Zahlreiche Flüsse durchschneiden den Talboden und wurden vor Millionen von Jahren von Gletschern geformt. Sechs von ihnen sind als wilde Flüsse ausgewiesen, was bedeutet, dass sie vor Entwicklung oder jeglichen Veränderungen geschützt sind, die sich auf ihre wilde Natur auswirken würden. Zu den im Park fließenden Flüssen im Süden zählen der Alatna River und der John River. Die Nordgabelung des Koyukuk-Flusses fließt ebenfalls durch den Park, nachdem der Tinayguk-Fluss im Norden fließt. West fließende Flüsse sind die Flüsse Noatak und Kobuk. Neben Wandern sind Schwimmen und Rafting beliebte Freizeitaktivitäten. Zu den beliebten Campingplätzen gehören die Kiesbetten am Seeufer und es gibt viele Möglichkeiten zum Angeln in den Alpenseen.

Vogelbeobachtung ist eine beliebte Aktivität, da viele Zugvögel die sonnigen Sommernächte nutzen und den Park zu ihrem Sommerziel machen. In den Toren der Arktis wurden 145-Vogelarten beobachtet, darunter verschiedene Arten von Eulen, Falken, Adlern und Fischadlern, Falken und Turmfalken, Auerhühnern und Alpenschneehühnern sowie Singvögel wie Spatzen und Meisen.

Anamnese: Archäologische Belege belegen, dass bereits vor 12,000 Jahren nomadische Menschen im Park lebten, die Karibu und andere Säugetiere zum Überleben jagten. Die Subsistenzjagd der Anwohner ist im Park weiterhin gestattet. Die Inupat-Leute des ersten Jahrhunderts sind direkt mit den Nunamiut-Leuten verbunden, die im frühen 20. Jahrhundert in der Gegend lebten. Mit 1949 verbannten sich die letzten verbliebenen Nomadenstämme, um die kleine Gemeinde Anaktuvuk Pass zu gründen, die sich im Park nördlich der Brooks Range befindet. Es wurden einige geringfügige Hinweise auf Bergbau im Naturschutzgebiet gefunden, die auf den Goldrausch in Alaska im 19. Und 20. Jahrhundert zurückgehen.

Ursprünglich in 1978 als nationales Denkmal ausgewiesen, wurde das Gebiet zwei Jahre später durch das Alaska National Interest Lands Conservation Act auf ein höheres Schutzniveau aufgewertet.
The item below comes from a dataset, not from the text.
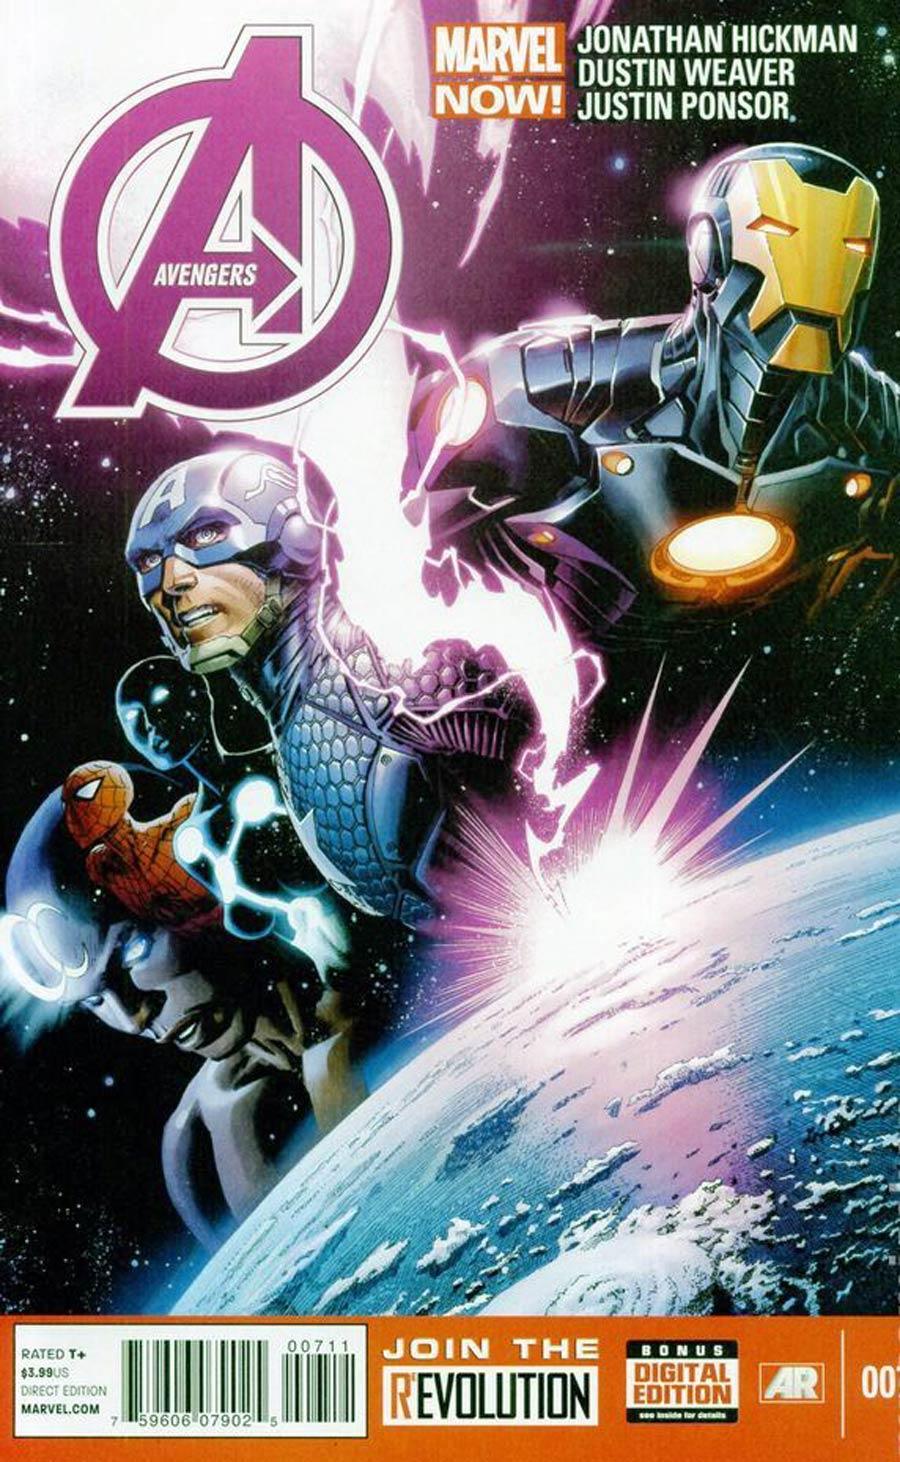 Avengers Vol 5 #7

Der Name Gates of the Arctic stammt aus dem frühen 20. Jahrhundert und stammt von der Art und Weise, wie die beiden Berge Frigid Crags und Boreal Mountain die Nordgabelung des Koyukuk River umrahmen. Die erste Verwendung des Namens erfolgte durch Bob Marshall, einen Wildnisaktivisten und amerikanischen Förster, der die Wilderness Society in 1935 gründete.

Aufgrund seiner abgeschiedenen Lage empfängt der Park nur sehr wenige Besucher pro Jahr, was die Einsamkeit des Wildnisgebiets noch verstärkt. In 2016 betraten etwas mehr als 10,000-Besucher die Tore der Arktis, verglichen mit über 6 Millionen Besuchern des Grand Canyon im selben Jahr.
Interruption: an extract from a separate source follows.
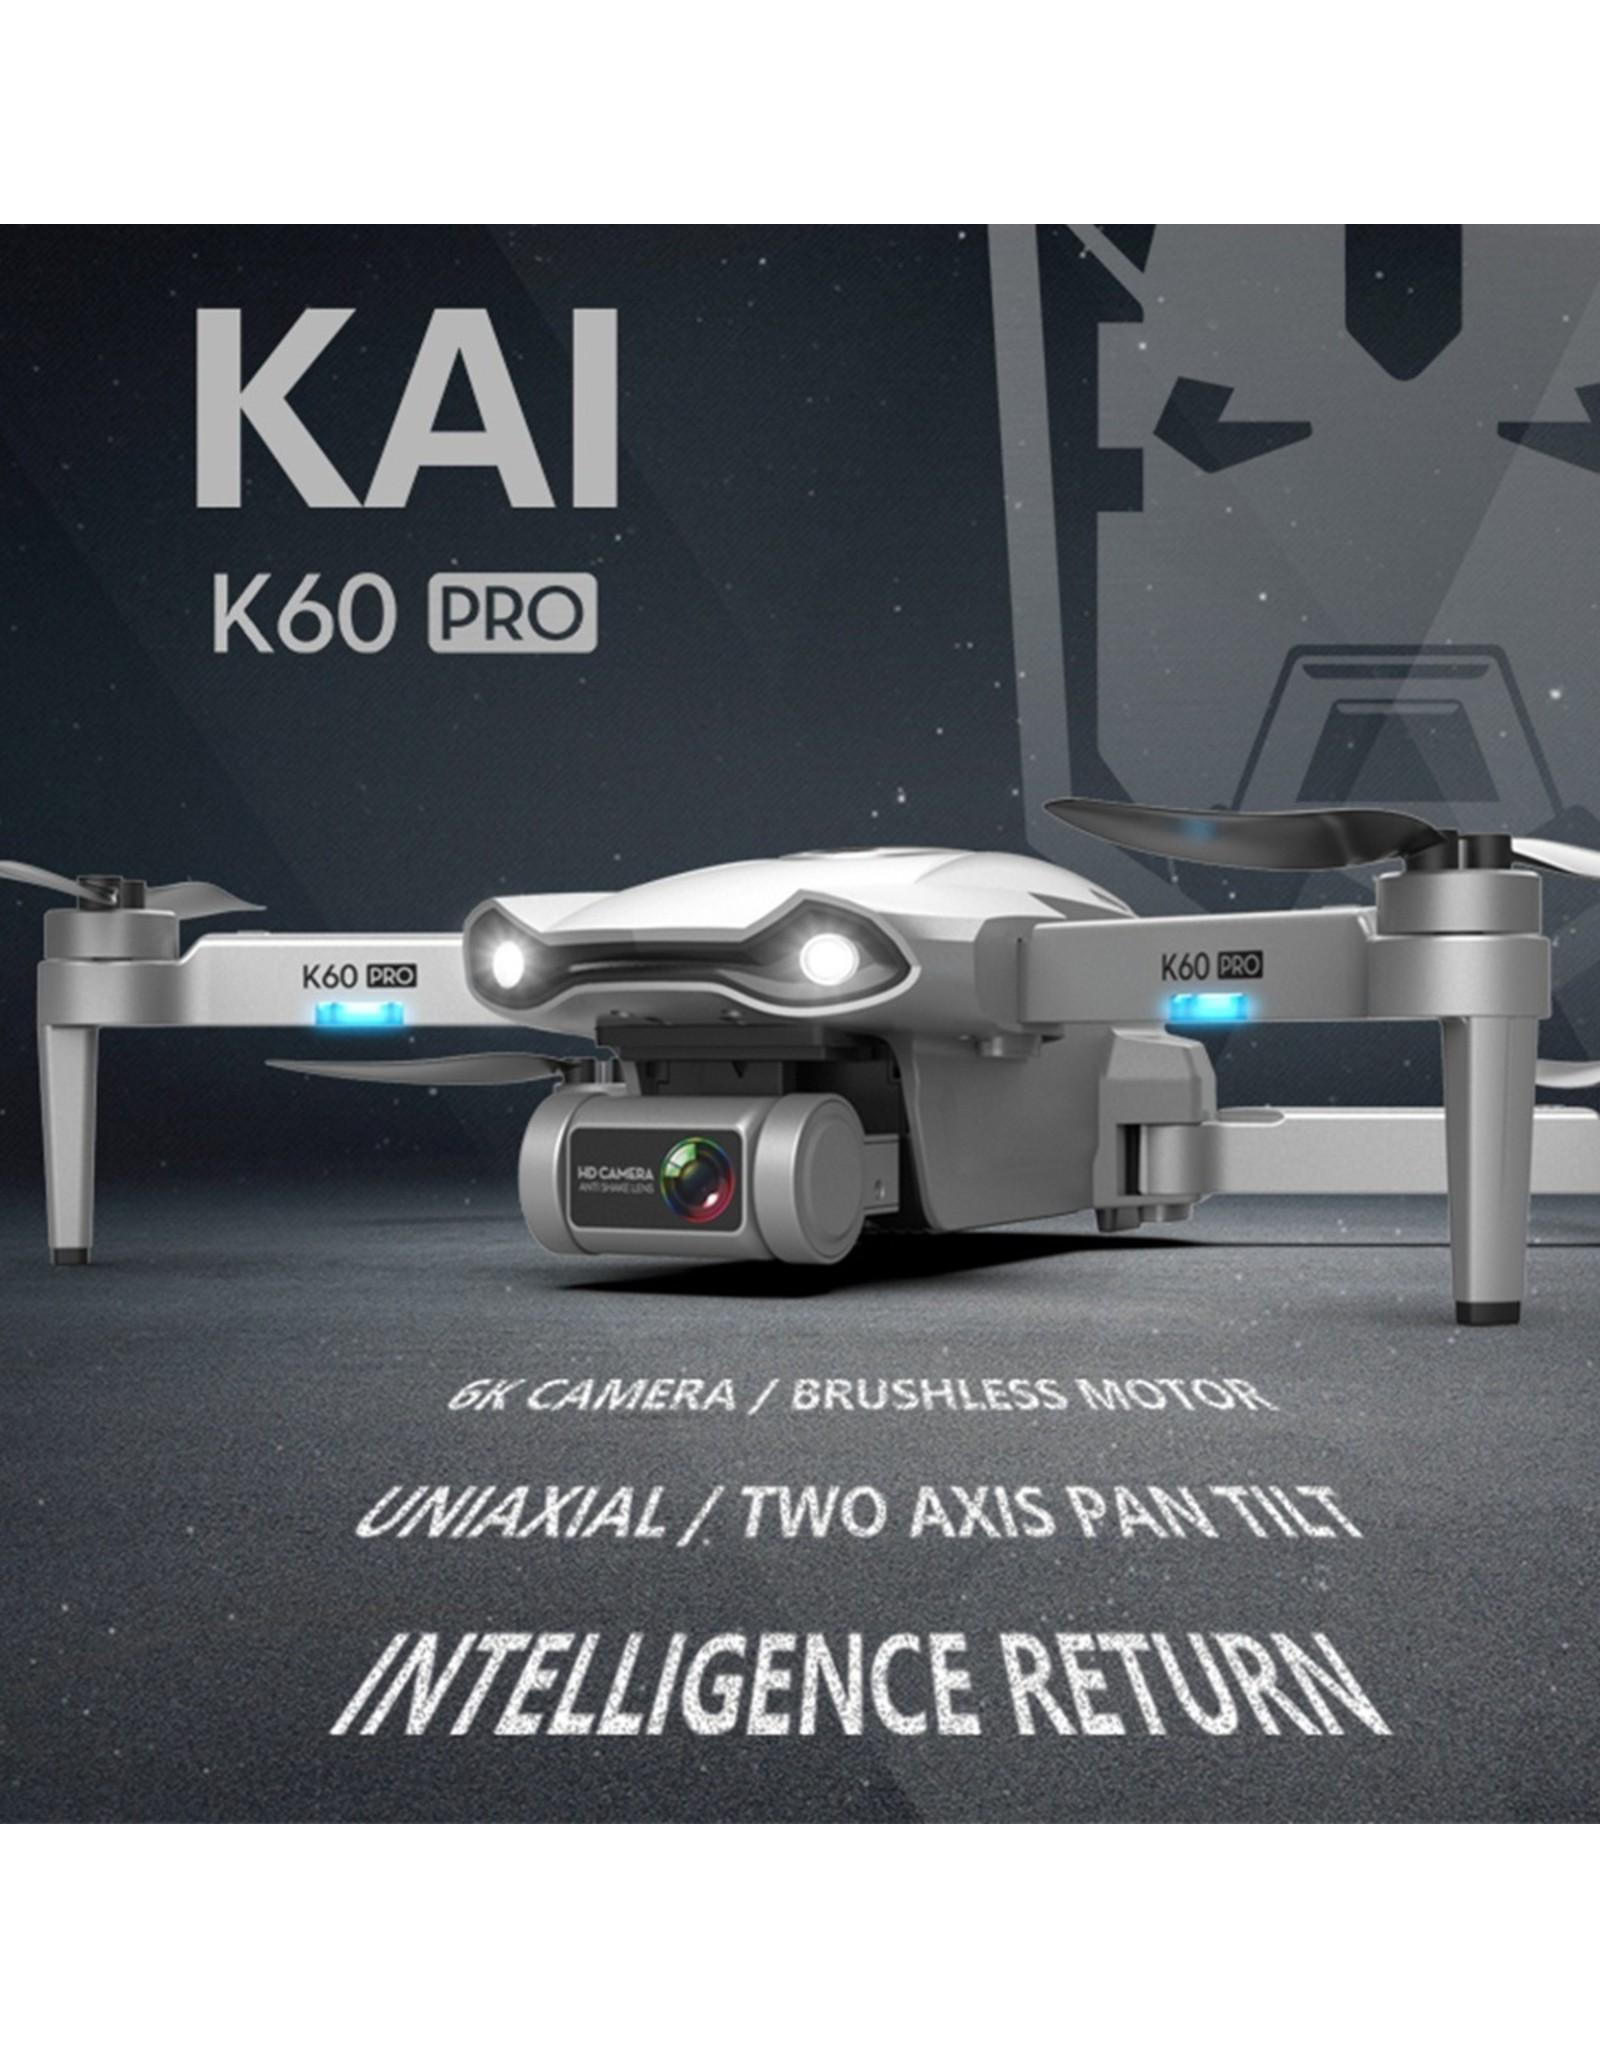 Merkloos Nieuwe K60 Drone 6k HD Dual Camera Tweeassige Gimbal 5G WIFI FPV Opvouwbare RC Quadcopter Vliegen 25 minuten Drone 4k Professionele

Laufende Programme und Ausbildung: Der Park ist nur zu Fuß oder mit dem Flugzeug erreichbar. Mehrere kleine Fluggesellschaften bieten tägliche Flüge ab Fairbanks an. Besucher können ihre Reise mit Hilfe des Fairbanks Alaska Public Lands Information Centers oder der Bettles Ranger Station und des Visitor Centers planen. Hervorragende topografische Karten und Fähigkeiten zum Überleben in der Wildnis werden empfohlen, da es im Park keine markierten Pfade oder Dienstleistungen gibt.

Führungen werden von Drittanbietern für diejenigen angeboten, die das wilde Terrain nicht alleine befahren möchten. Einige Organisationen bieten Tagesausflüge zum Ein- und Ausfliegen oder 1-2-Nachtausflüge für diejenigen an, die nicht bereit sind, zwei Wochen oder mehr zu verbringen und nur von dem überleben, was sie mit sich herumtragen.

In der Nähe: Die Tore der Arktis grenzen an die Noatak-Wildnis und machen die gesamte Fläche zum größten zusammenhängenden Wildnisgebiet in den gesamten USA.